Pourquoi l’apathie n’est pas à prendre à la légère AntonioGuillem/iStock




L'ESSENTIEL
  • L'apathie est un symptôme fréquent de nombreuses maladies neurologiques et psychiatriques.
  • Mais, selon une étude, l’apathie précoce pourrait aussi être corrélée au développement futur de troubles cognitifs.
  • La repérer tôt et consulter permet une évaluation médicale adaptée et une meilleure prise en charge.

Manque de motivation ? Isolement ? Perte d’initiative ? Ces symptômes ne sont pas à prendre à la légère. Ils peuvent être le signe que vous souffrez d’apathie, un déficit persistant de la motivation très fréquent dans de nombreuses maladies neurologiques et psychiatriques. 

Près de 50 % des personnes atteintes de démence souffrent d’apathie

D'après l'Institut du cerveau, de nombreuses pathologies neurologiques et psychiatriques sont concernées par l’apathie. L’instance précise que 80 % des patients atteints de schizophrénie sont apathiques, 40 % pour ceux souffrant d’Alzheimer, 70 % de ceux atteints de démence fronto-temporale et 70 % des personnes atteintes de dépression. 

Les symptômes de l’apathie sont d’ailleurs, pour beaucoup, similaires à la dépression.
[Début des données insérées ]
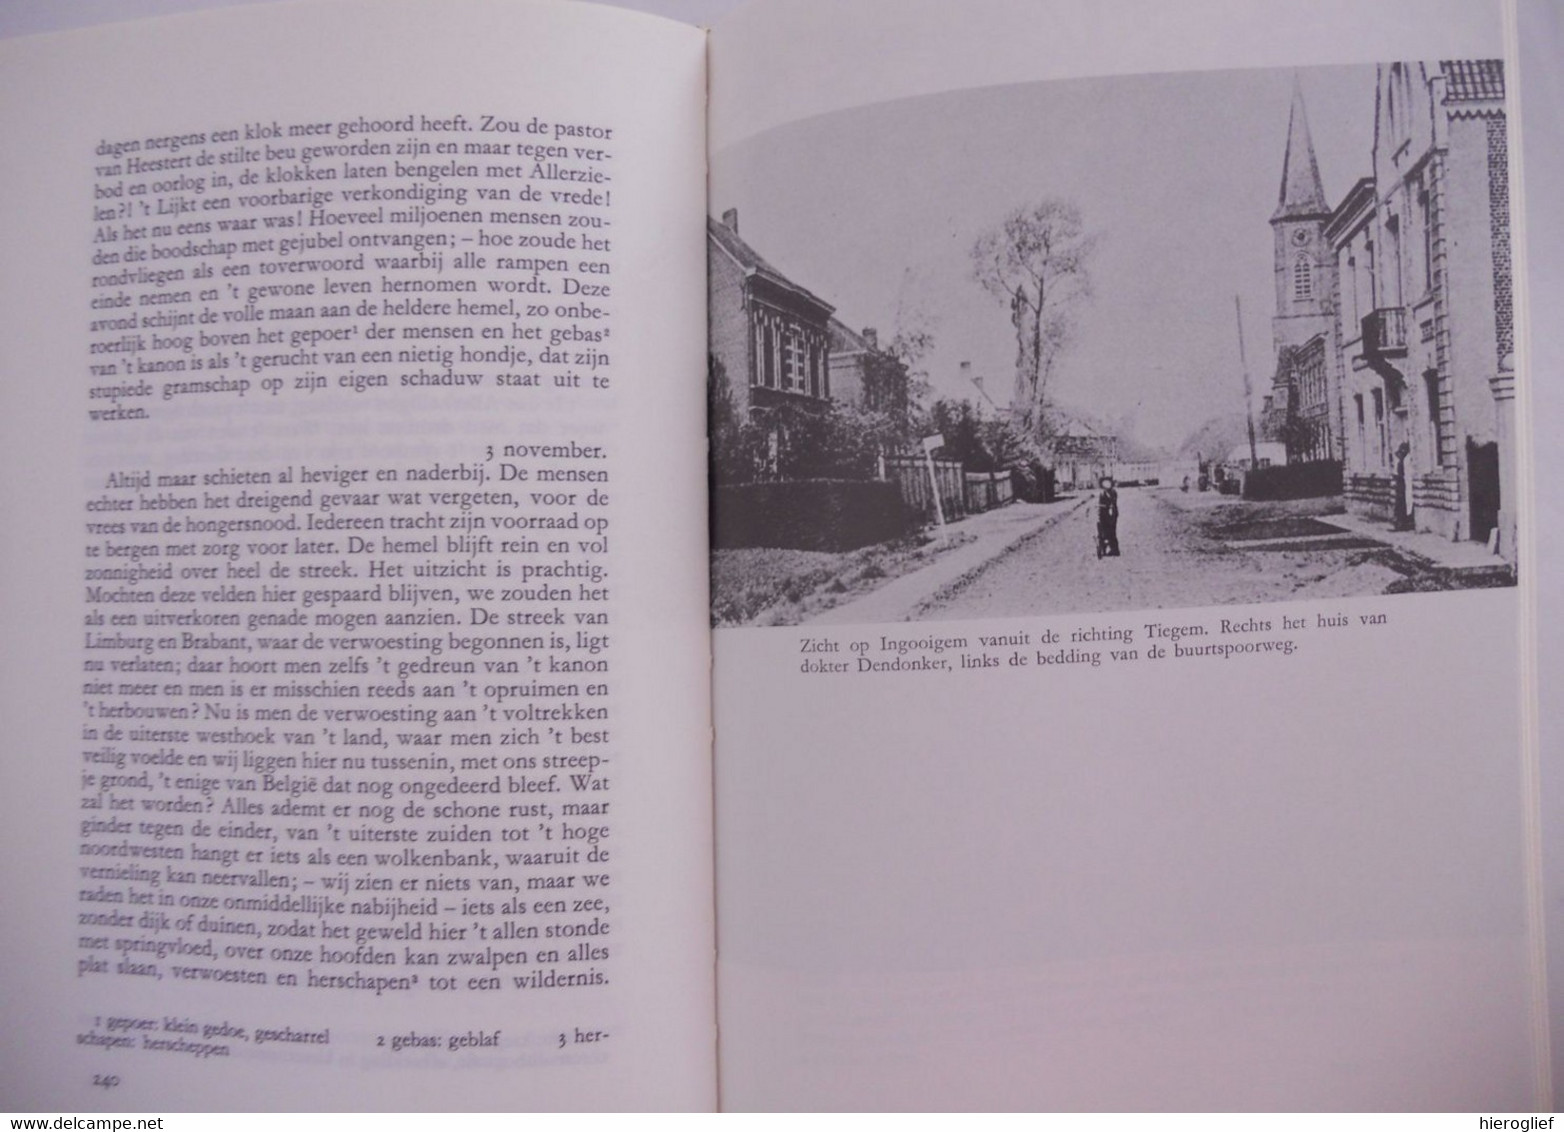 IN OORLOGSTIJD het volledige dagboek van de eerste wereldoorlog door Stijn Streuvels Frank Lateur Heule Ingooigem oorlog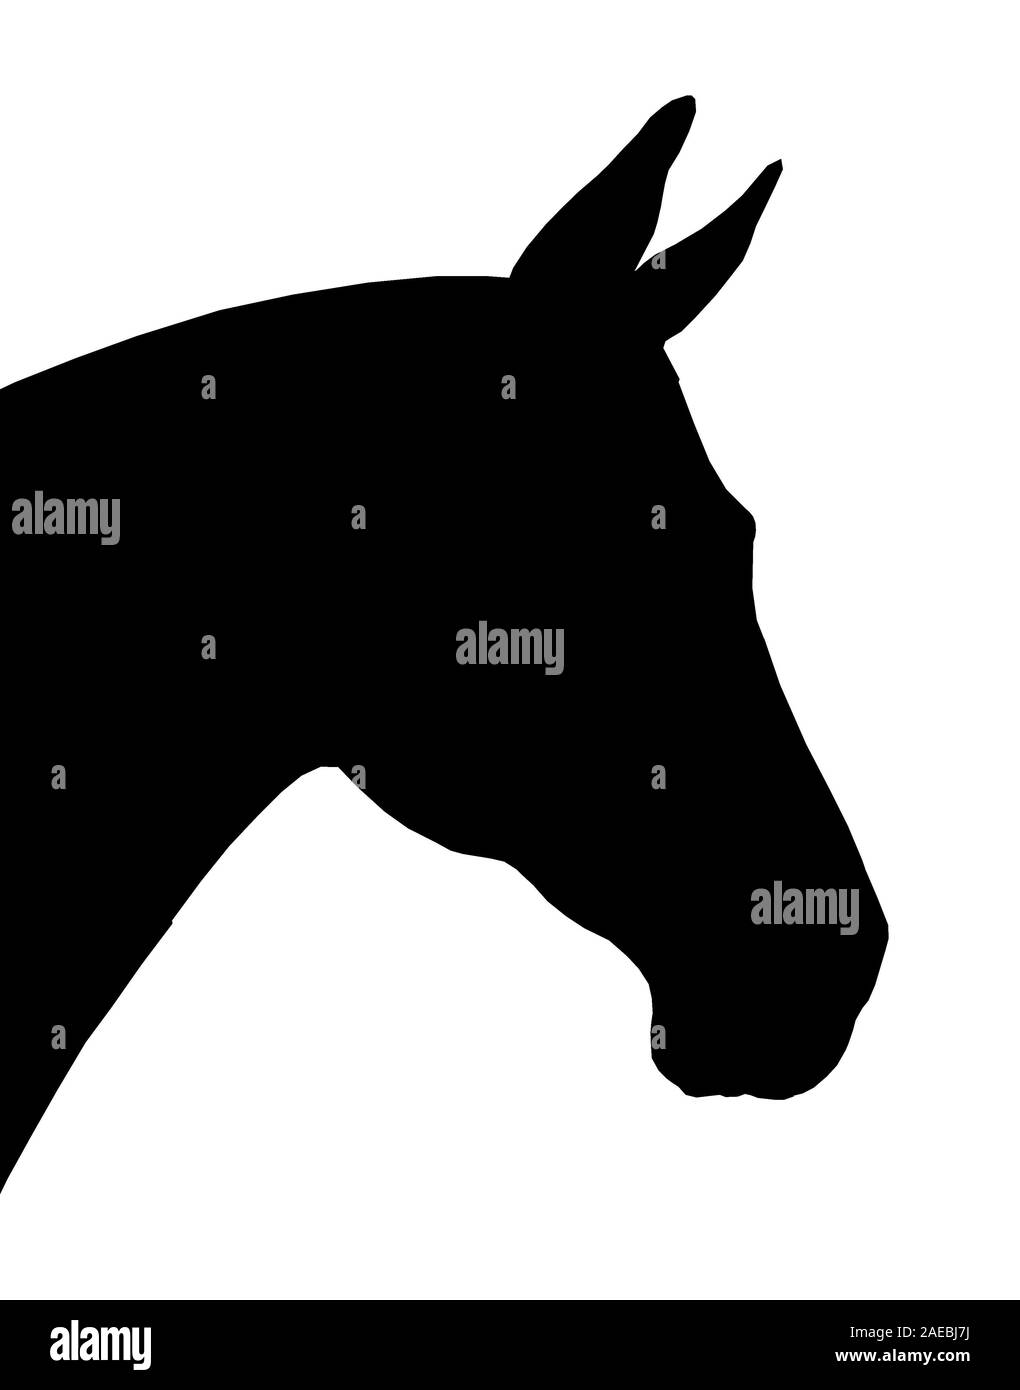 Beau cheval. Portrait Silhouette d'un cheval. Dessin d'équidés. Banque D'Images

Il s’agit par exemple de la diminution ou la perte d’intérêt, du ralentissement psychomoteur ou de l’asthénie, c’est-à-dire une fatigue anormale. 

Est-il possible de distinguer l’apathie de la dépression ? La réponse à cette question est cruciale. Si apathie et maladies neuropsychiatriques sont liées, une étude publiée en 2020 dans la revue Alzheimer's & Dementia va plus loin. Dans ces travaux, les chercheurs montrent une corrélation entre l’apathie précoce et le développement de troubles cognitifs. 

La prise d'initiative, principale différence entre la dépression et l’apathie

En plus de la perte ou de la baisse de motivation, la Haute autorité de santé indique trois critères pour diagnostiquer l’apathie : 

  • symptômes cognitifs, émotionnels et d’action qui persistent pendant au moins quatre semaines
  • impact dans la vie quotidienne et isolement social
  • que ce changement de comportement ne soit pas lié à un état physique ou psychique (handicap, troubles moteurs, altération de la conscience) ou la prise de substances comme des médicaments. 

Là encore, difficile de différencier l’apathie de la dépression. 

L'Institut du cerveau donne un critères pour les différencier : les personnes apathiques ont plus de mal à prendre des initiatives. En revanche, une fois l’activité lancée, elles peuvent y trouver du plaisir, ce qui n’est pas le cas chez les patients dépressifs. Chez eux, “la tristesse et la perte d’intérêt dominent, même dans des activités autrefois appréciées”.

Si vous remarquez des signes d’apathie chez vos proches, l’idéal est de les inciter à consulter leur médecin généraliste. Celui-ci pourra faire une première évaluation et, si besoin, orienter le patient vers un psychiatre. La prise en charge permettra de traiter l’apathie et de limiter le développement de maladies neuropsychiatriques.